Cosentyx blocks interleukin-17F, one of the IL-17 cytokines involved in psoriasis. The idea behind bimekizumab was that by blocking both interleukin 17s involved in psoriasis — IL-17F and IL-17A — you could have a stronger effect.
UCB says 58.6% of patients who took bimekizumab were completely cleared of skin lesions after 16 weeks, compared to 20.9% of patients on Stelara. It also outperformed Stelara at how many patients were clear after one year and at lesser benchmarks for plaque clearance, with more than 8 out of 10 patients showing 90% improvement, compared to roughly half on Stelara, the company said.
When pitted against a placebo, bimekizumab helped 68% of patients achieve completely clear skin, and more than 90% see a 90% improvement, according to Phase III data released in 2019. For placebo that number was 1.2%.
Back in April, the FDA set a PDUFA date for Oct. 15.
Just as Genentech’s long-running blockbuster Lucentis is set to lose patent protection in Europe, the CHMP has recommended an OK for Samsung Bioepis and Biogen’s biosimilar, dubbed Byooviz.
The committee is recommending the drug for use in a slate of visual impairments including: wet age-related macular degeneration, visual impairment due to diabetic macular edema, proliferative diabetic retinopathy, visual impairment due to macular edema secondary to retinal vein occlusion (branch RVO or central RVO), and visual impairment due to choroidal neovascularisation.

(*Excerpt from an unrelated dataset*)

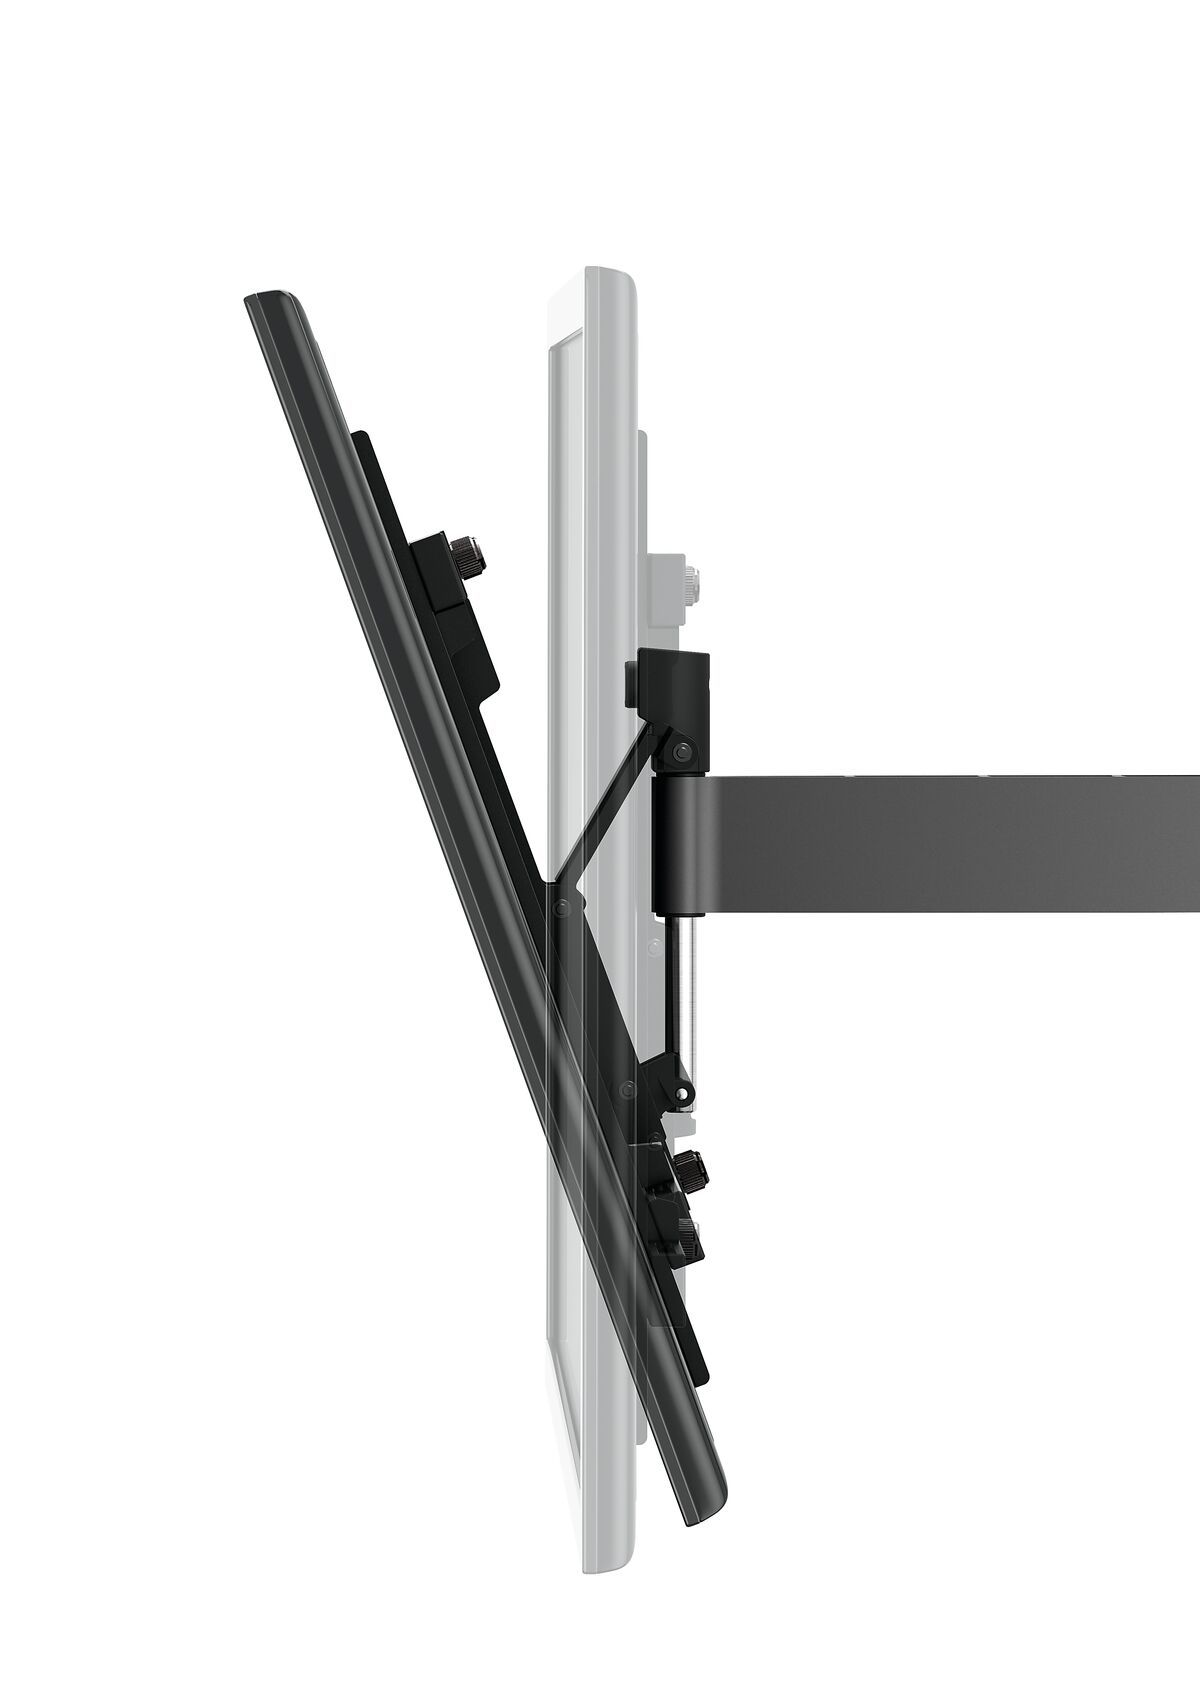 Vogel's WALL 2225 Full-Motion TV Wall Mount (white) - Suitable for 32 up to 55 inch TVs - Motion (up to 120°) - Tilt up to 20° - Detail

Lucentis was first approved for wet AMD in the US back in 2006. In 2017, it became the first FDA-approved treatment for all forms of diabetic retinopathy, the leading cause of blindness in working-age adults, back in 2017. However, the market’s now crowded with long-acting AMD drugs, including Regeneron’s Eylea and Novartis’s Beovu.
“Biosimilars could help broaden access and offer significant healthcare savings through the treatment of these complex and often debilitating ophthalmic diseases,” said Ian Henshaw, Global Head of Biosimilars at Biogen.
Europe could soon have its first oral inhibitor of hypoxia-inducible factor (HIF) prolyl hydroxylase (PH), according to Astellas and FibroGen.
The CHMP gave roxadustat — which would be marketed as Evrenzo — a positive opinion for the treatment of anemia in patients with chronic kidney disease. The drug is already approved in this indication in Japan, China and Chile, and is under review in the US.
The drug ran into trouble back in April, when FibroGen backtracked on some of its key safety data. According to CEO Enrique Conterno, FibroGen execs became “aware” that their analysis included post hoc changes to stratification factors used to assess the hazard ratio of their drug — essentially manipulating the data to enhance how much the therapy reduced key risks for patients and sharing that false profile with investors and regulators. Using pre-specified stratification factors raised the risk on key safety endpoints, which revolved primarily around MACE, a composite endpoint of all-cause mortality, stroke, and myocardial infarction.
Shares plunged on the news, eviscerating about a billion dollars of FibroGen’s market cap.
Two more generics
The CHMP has also recommended marketing authorization for two generics: Abiraterone Mylan (also known as abiraterone acetate, a generic to Janssen’s Zytiga) for metastatic prostate cancer and Fingolimod Mylan (fingolimod, a generic to Novartis’ Gilenya) for relapsing-remitting multiple sclerosis with high disease activity.